The sun rises and sets on a 24-hour schedule, and it’s this environmental change that has given rise to the time mechanism we all have and live by. However, the inner workings of our internal clock remained a long-unsolved mystery for centuries. Scientists wondered whether such a timing system actually existed or was simply driven by the light-dark cycle.
In 1984, Rosbash and fellow Nobel Laureate Jeffrey C. Hall isolated and sequenced the period gene in fruit flies, a gene discovered a decade earlier to play a role in the regulation of the flies’ circadian rhythm. In the 1990s, they found that the protein encoded by the period gene accumulates in cell nuclei during the night and degrades during the day. These fluctuations persist in constant darkness.
“The cracking of this problem is really a homage to genetics, in particular fruit fly genetics,” he said. “I might add that our Nobel Prize was the fifth Nobel Prize for the fruit fly and its contribution to basic science.”
Moser took on the question of space and localization by giving an overview of his work on the positioning system of the mammalian brain. He received the Nobel Prize in Physiology or Medicine in 2014 for the discovery of grid cells, a type of nerve cell that generates a coordinate system for spatial navigation.
Along with his wife at the time, fellow Nobel Laureate May-Britt Moser, he performed experiments that mapped the connections to the hippocampus of rats moving around in a room. In a nearby part of the brain called the entorhinal cortex, they found that certain cells were activated when the rat passed multiple locations arranged in a hexagonal grid.

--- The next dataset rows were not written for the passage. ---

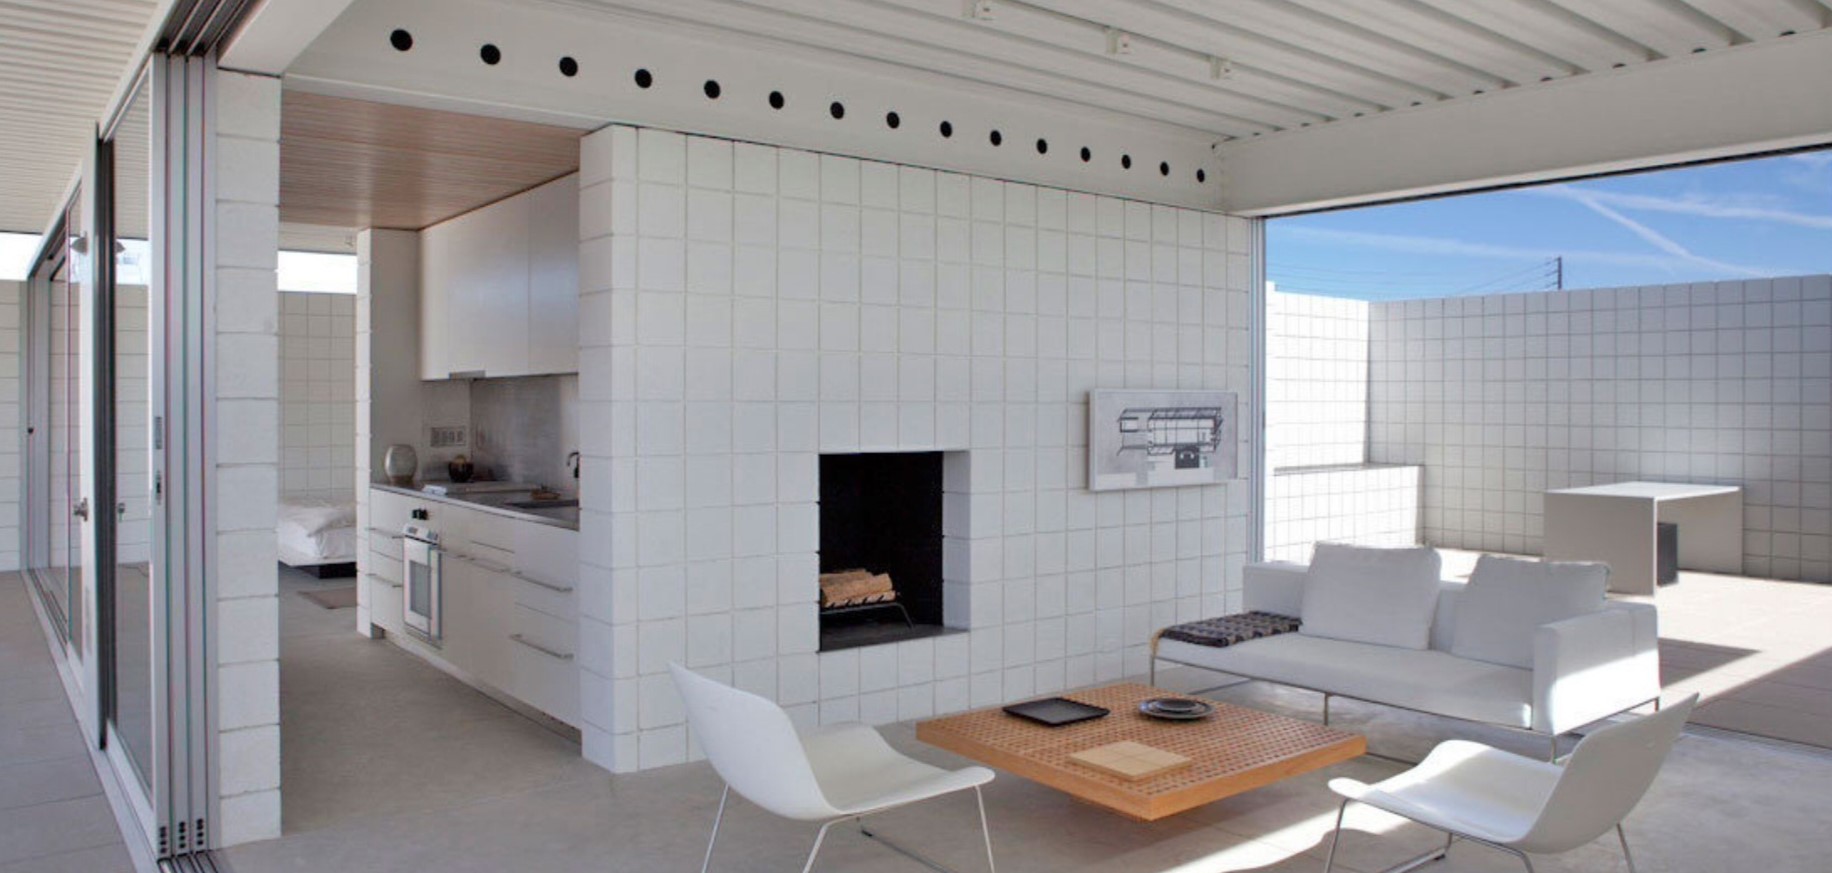 Алюминиевые потолки подходят по современный стиль интерьера
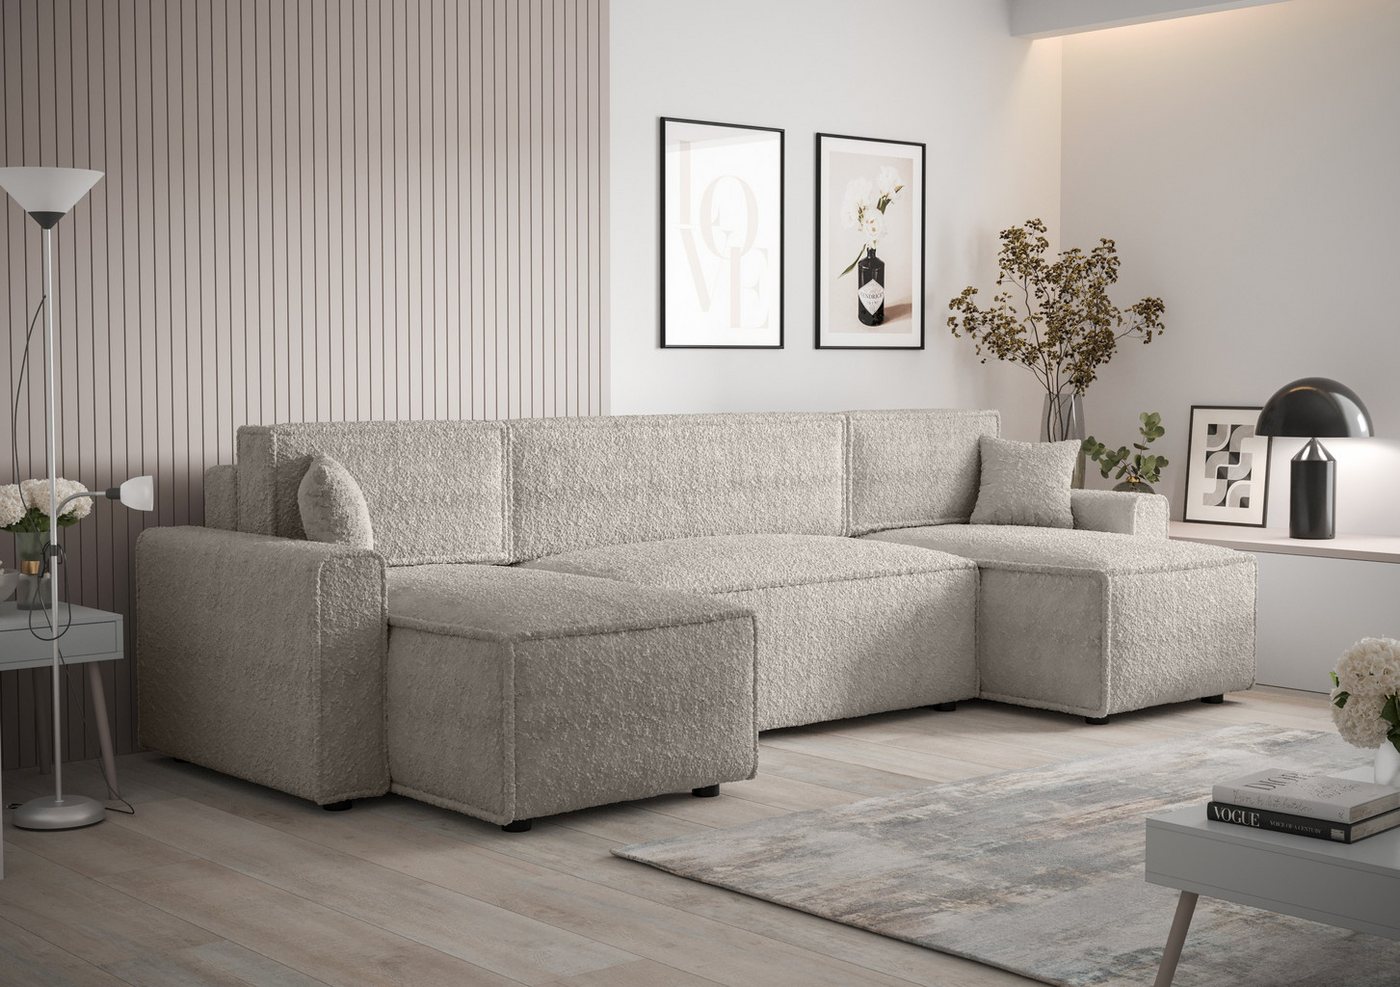 ALTDECOR Wohnlandschaft MIR-U-BIS, Couch mit Schlaffunktion, Wohnzimmer - W günstig online kaufen
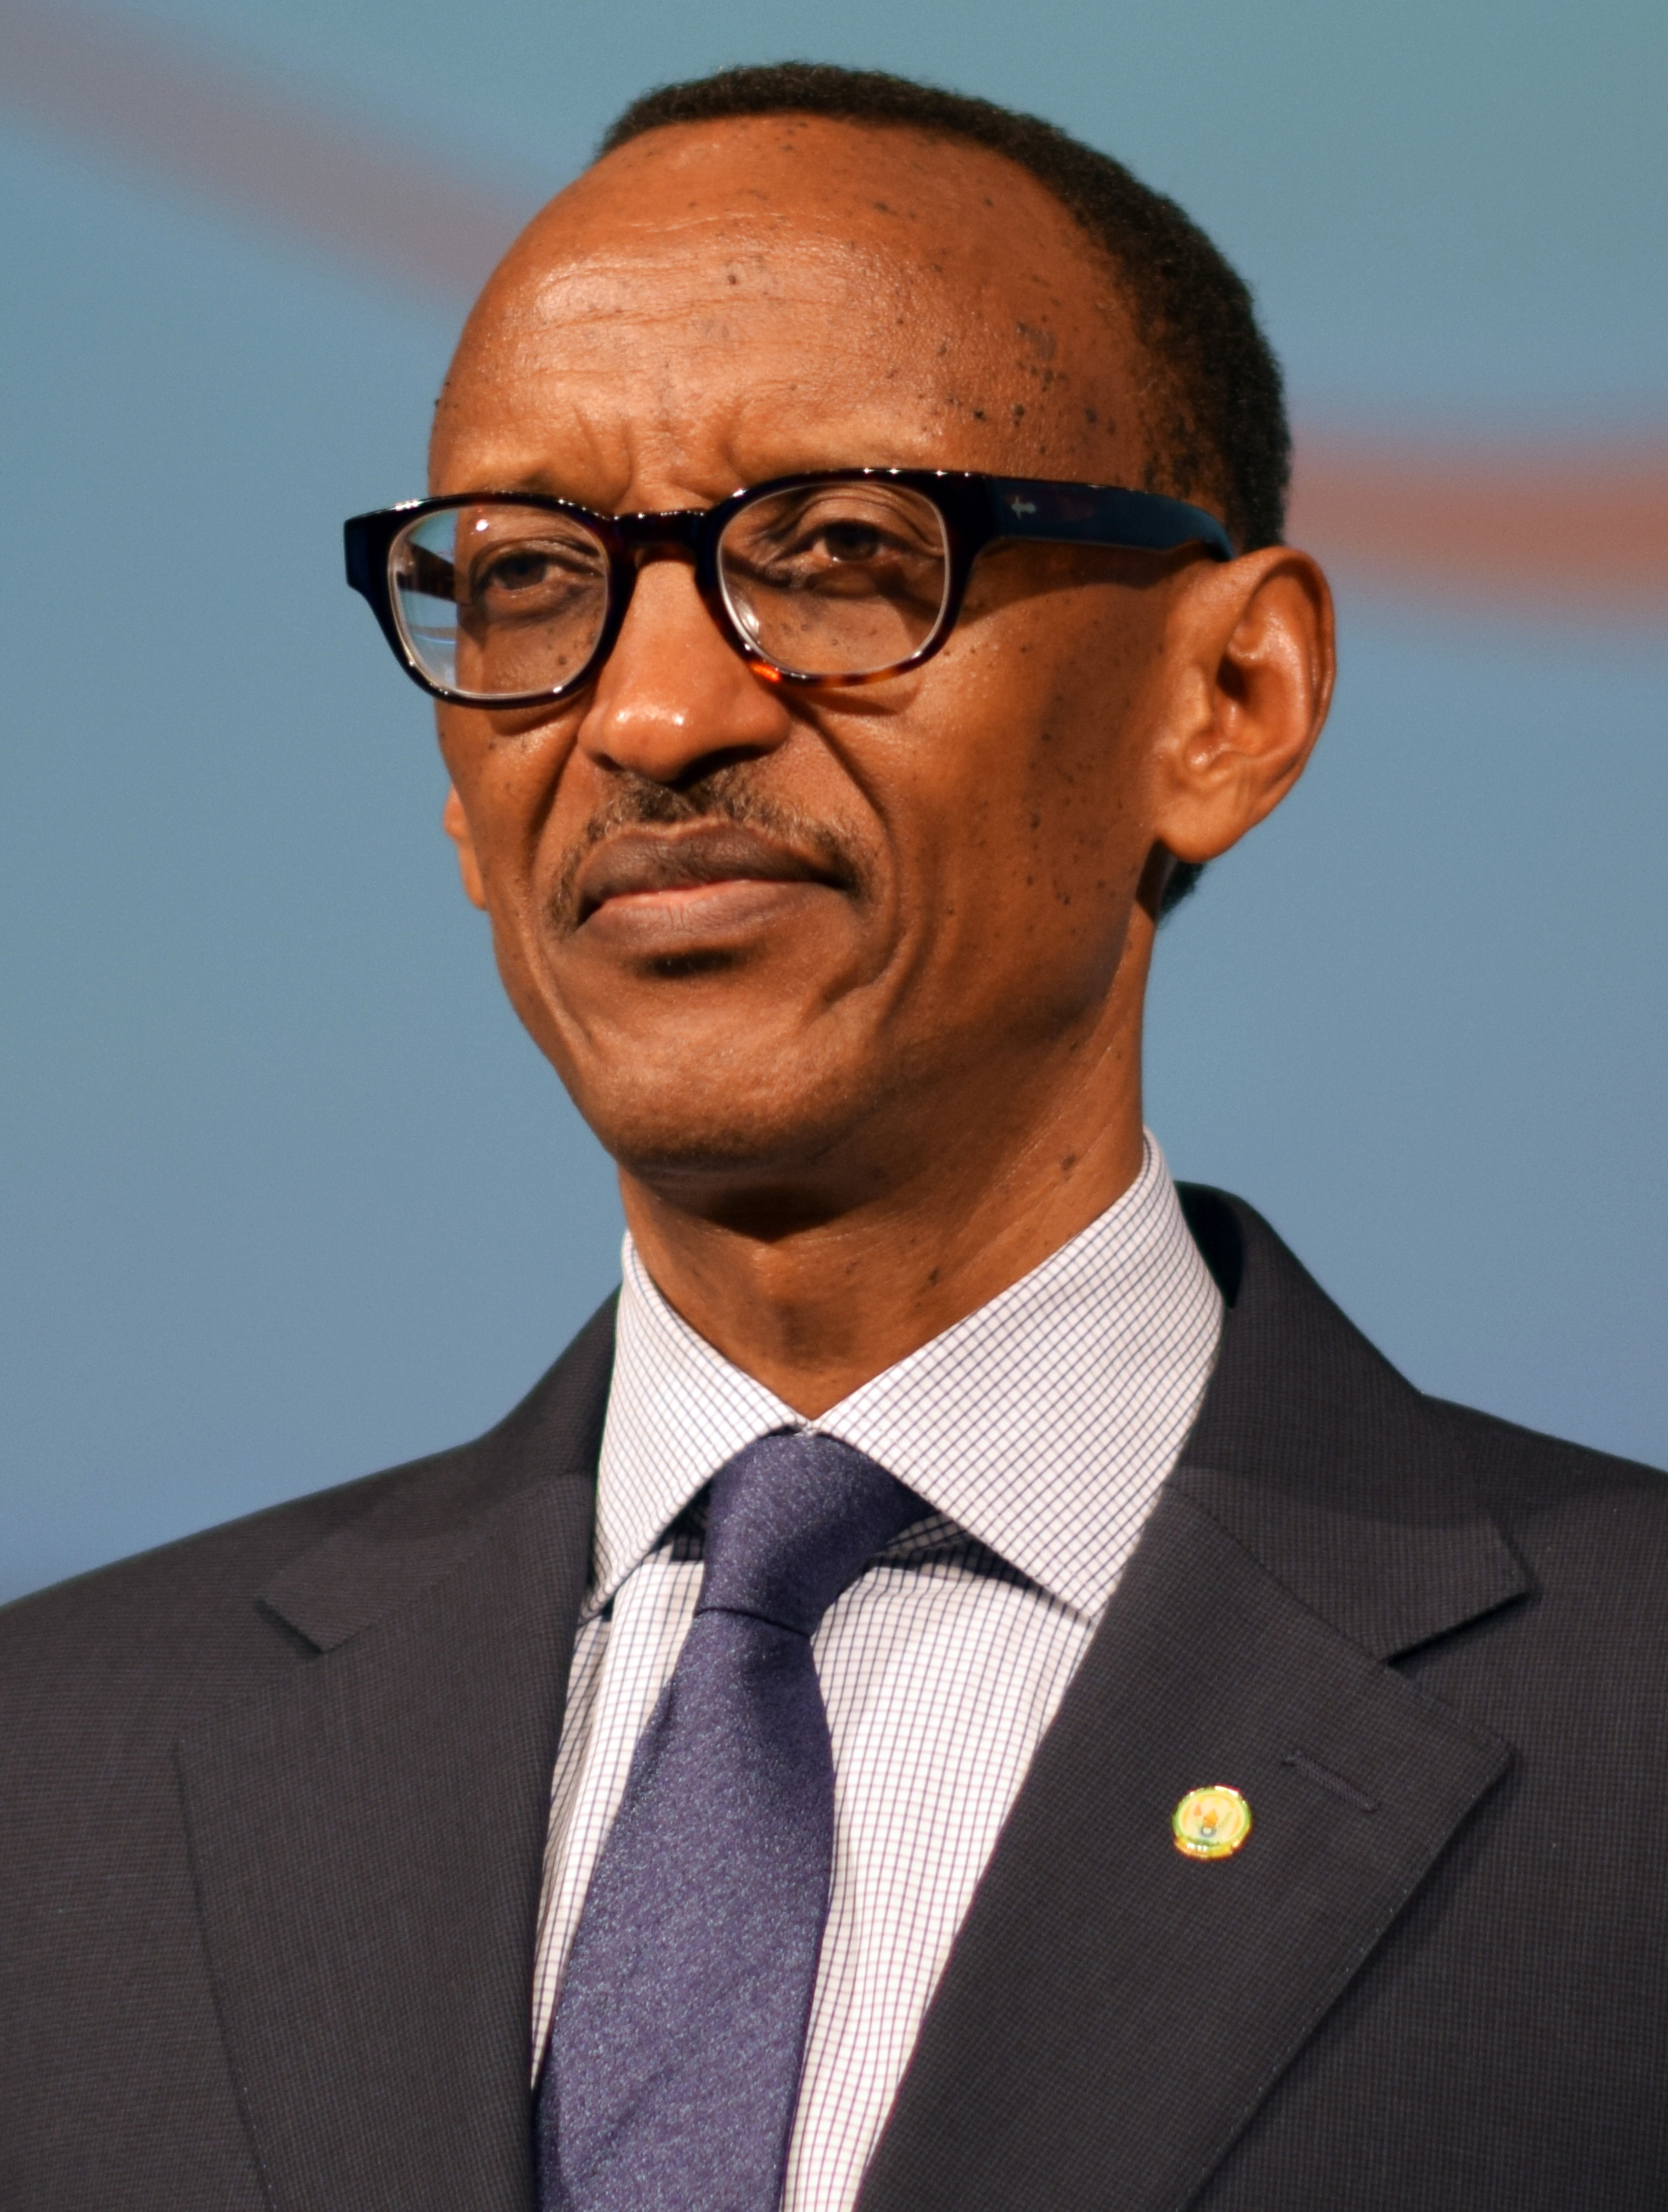 auteur Paul Kagame de la citation Au Rwanda, nous avons une société qui a connu une rupture très sérieuse et vous ne pouvez pas vous attendre à tout d'un coup que les choses seront parfaites. Même ainsi: vous ne pouvez pas trouver plus de zones où un segment de la population aurait peur d'aller, comme nous l'avions auparavant. Mais il y a toujours beaucoup plus à faire.
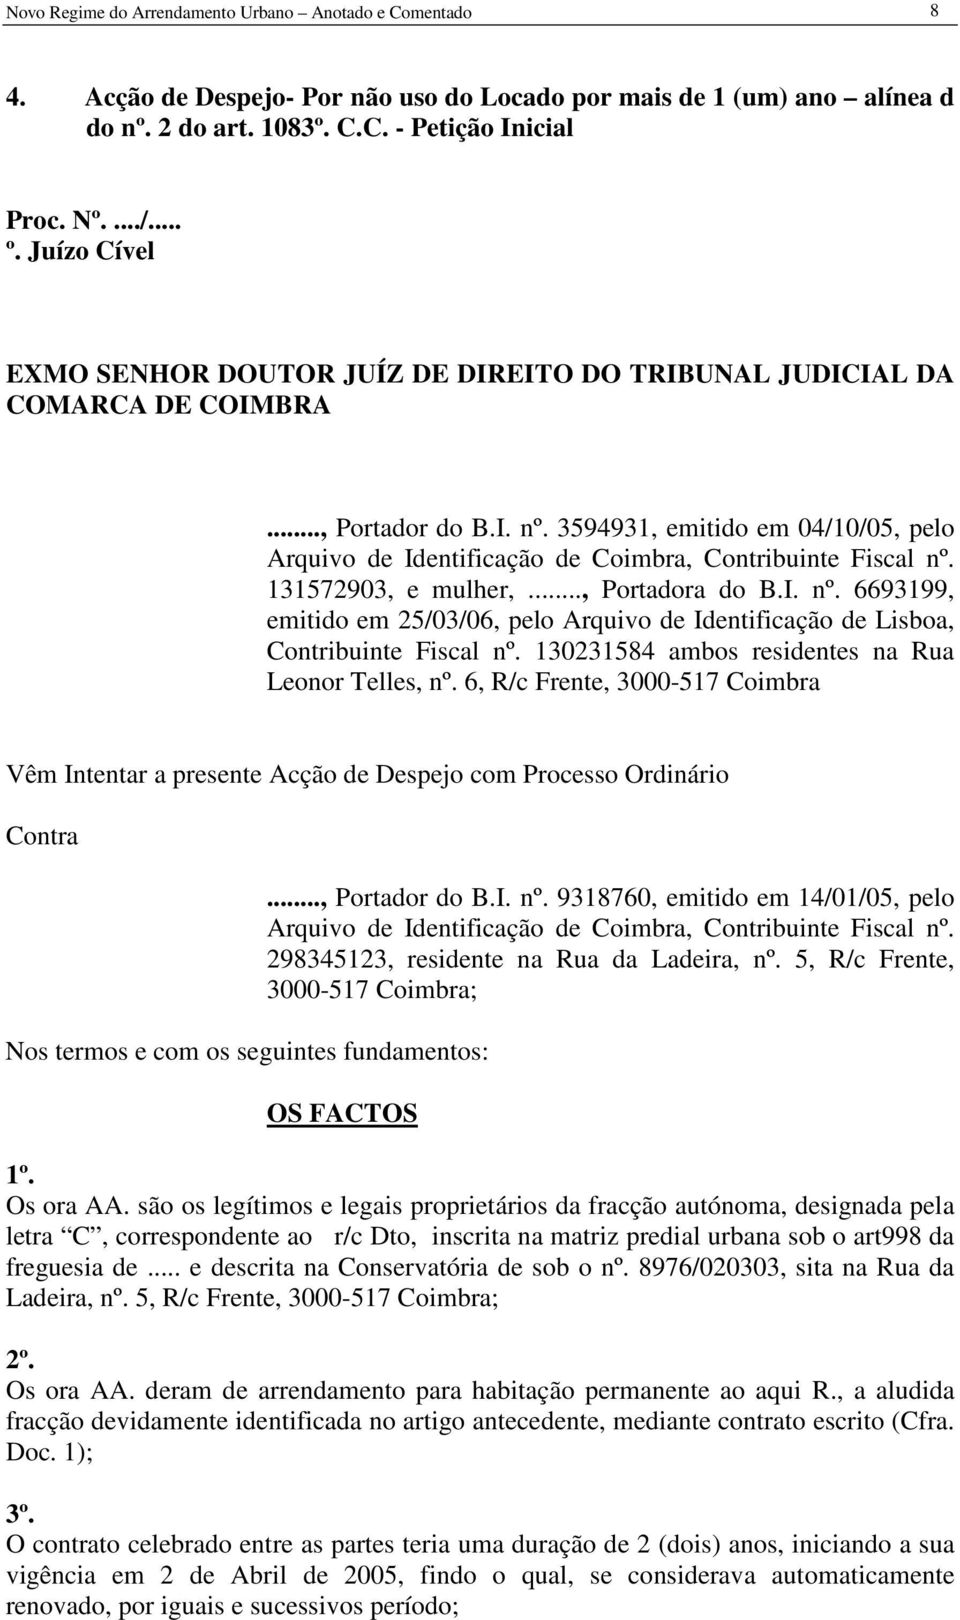 3594931, emitido em 04/10/05, pelo Arquivo de Identificação de Coimbra, Contribuinte Fiscal nº. 131572903, e mulher,..., Portadora do B.I. nº. 6693199, emitido em 25/03/06, pelo Arquivo de Identificação de Lisboa, Contribuinte Fiscal nº.

“Together, these grid patterns can very precisely in combination define the current location, and these differ from the place cells discovered much earlier in that the place cells are more related to specific places, specific context, specific memories,” said Moser. “For example, if your house has five rooms, there would be different configurations of active place cells in each of those five rooms. However, for grid cells, it is one general map that is played out wherever you are.”
Each individual cell would be active only in certain spots in that room, and those spots formed a very regular hexagonal pattern of activity, like a grid. For that reason, they chose to call them grid cells.